Every line of the material needs an exact copy, apart from the images.

Collected data -
○ ○ ○ ○ ○ ○ ○

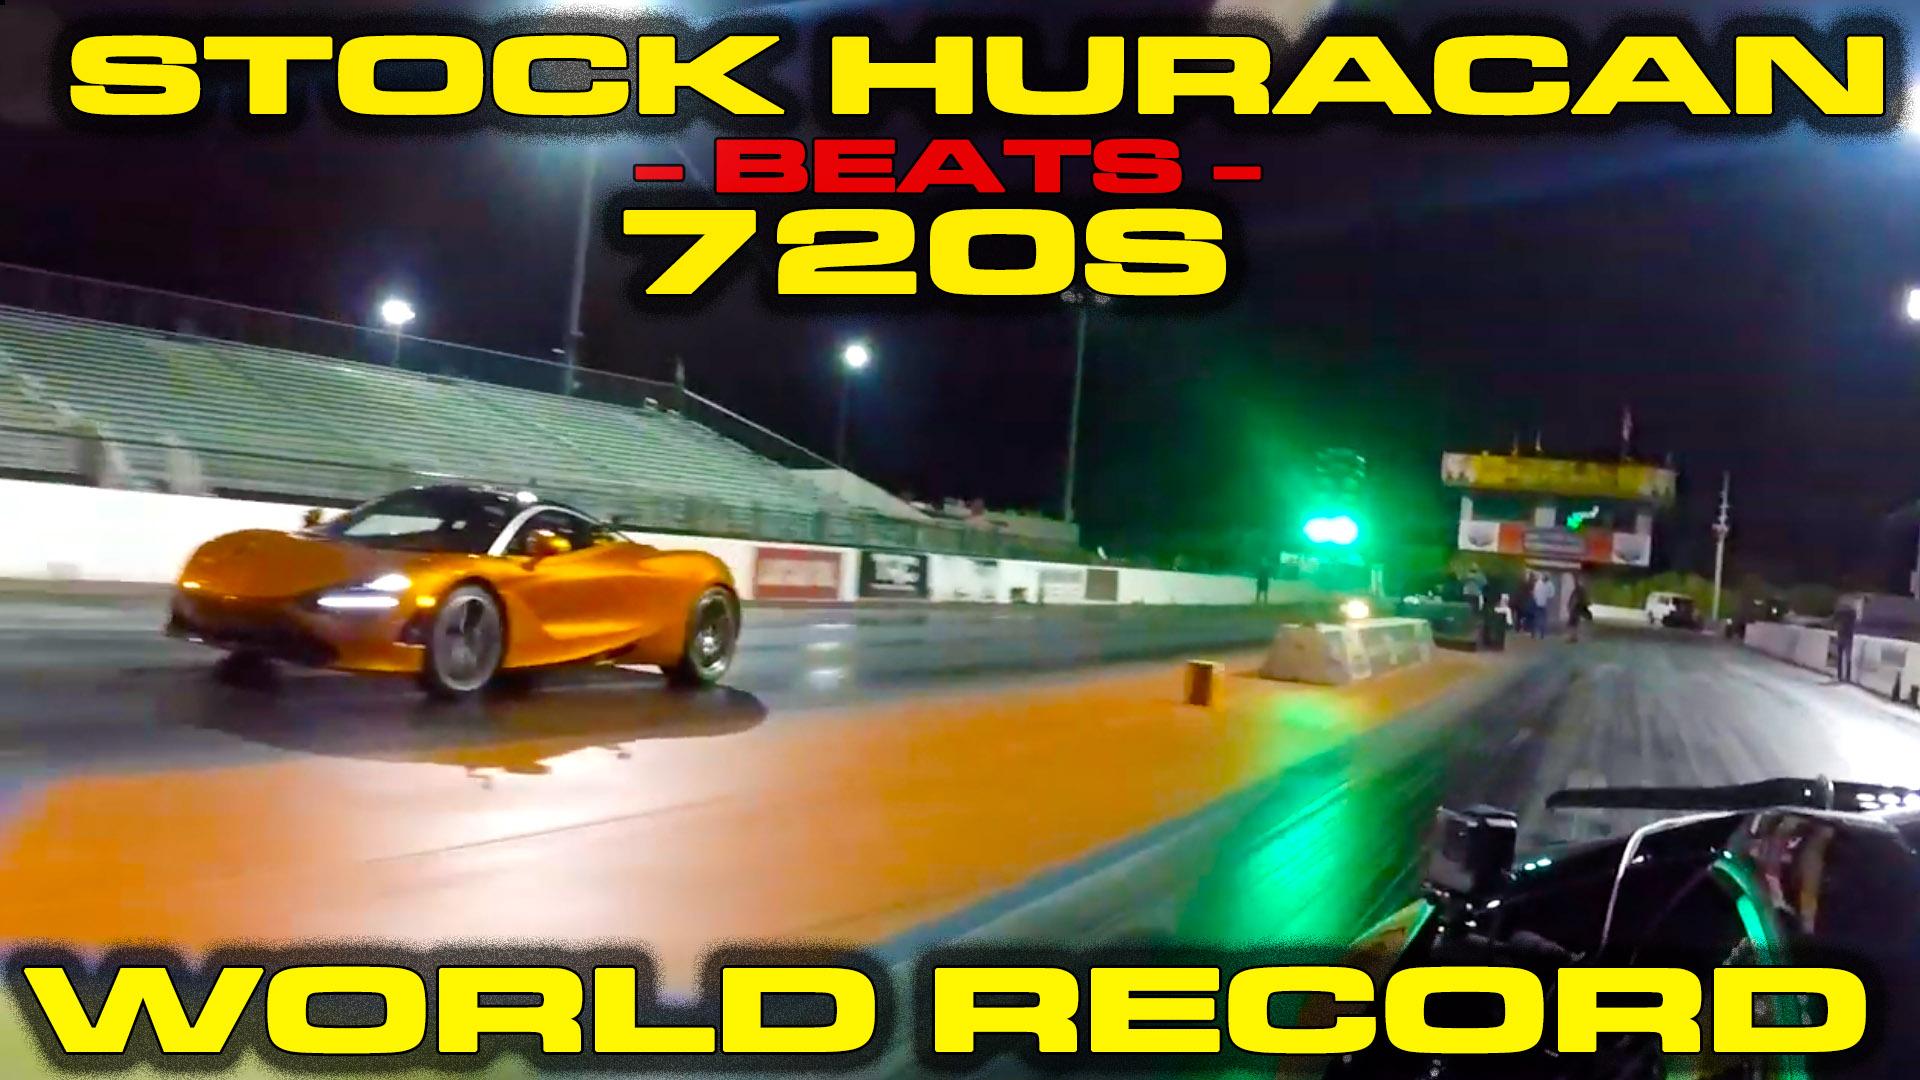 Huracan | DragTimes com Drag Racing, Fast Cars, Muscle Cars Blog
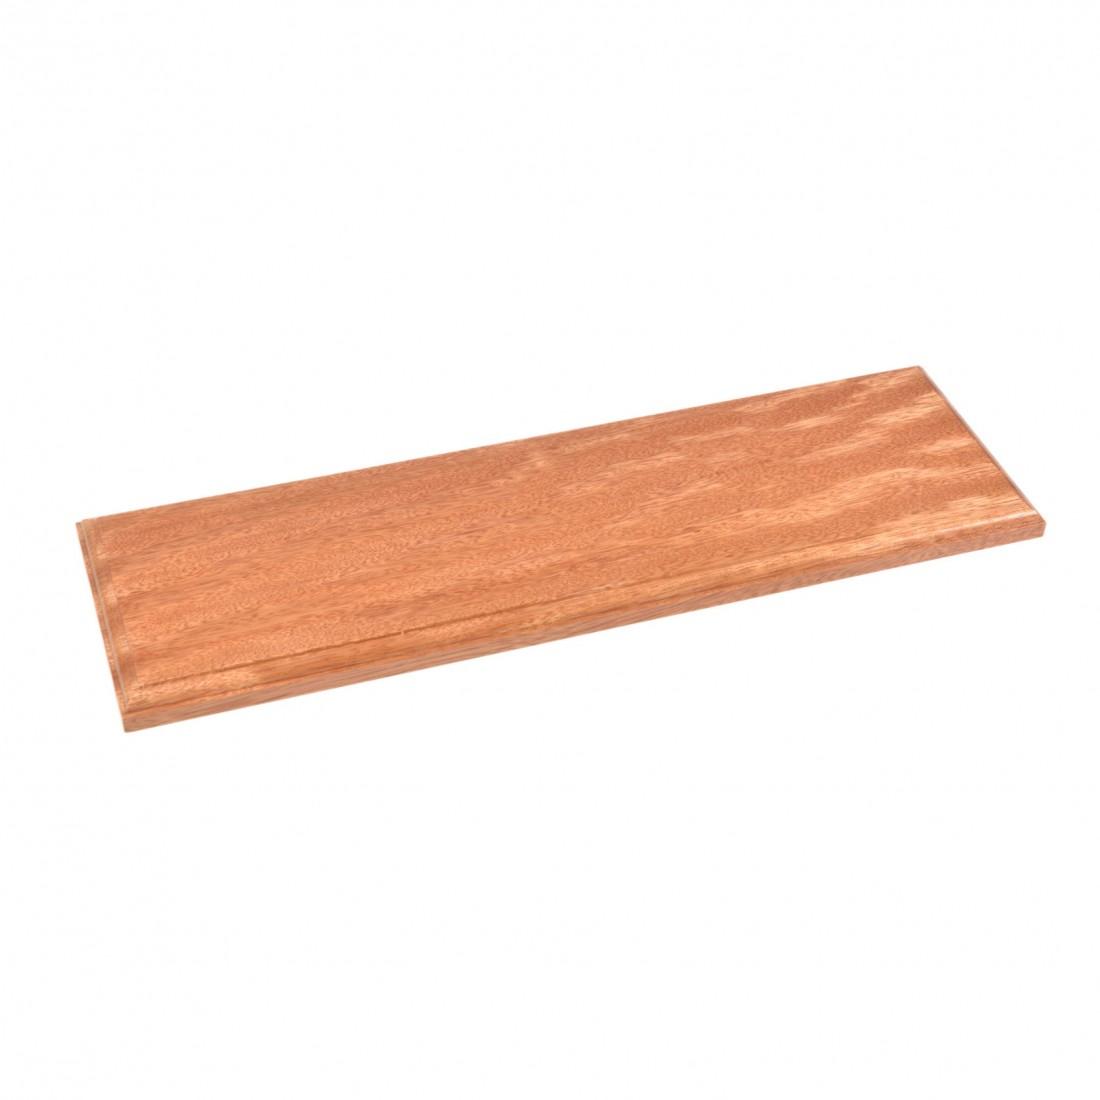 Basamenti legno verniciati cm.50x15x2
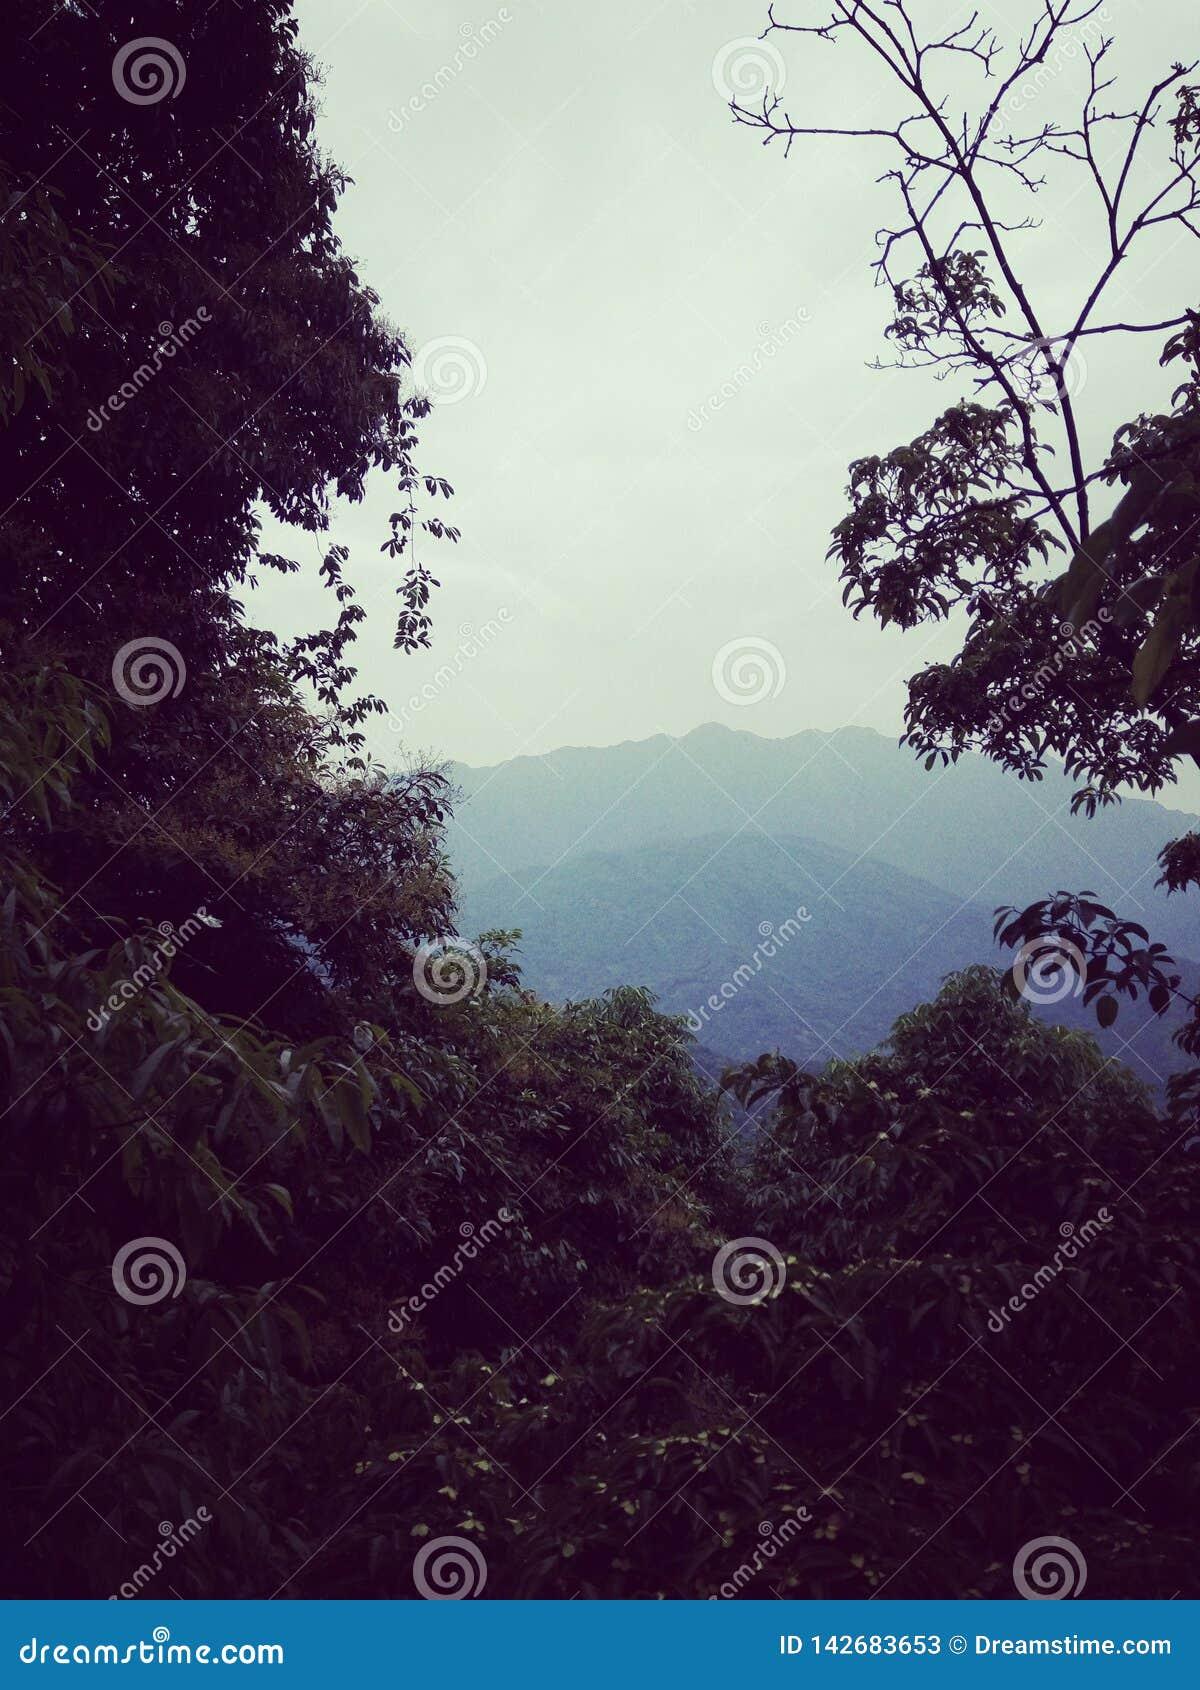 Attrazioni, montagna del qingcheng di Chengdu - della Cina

○ ○ ○ ○ ○ ○ ○

Response to this exercise -
 Huracan | DragTimes com Drag Racing, Fast Cars, Muscle Cars Blog
 Basamenti legno verniciati cm.50x15x2
 Attrazioni, montagna del qingcheng di Chengdu - della Cina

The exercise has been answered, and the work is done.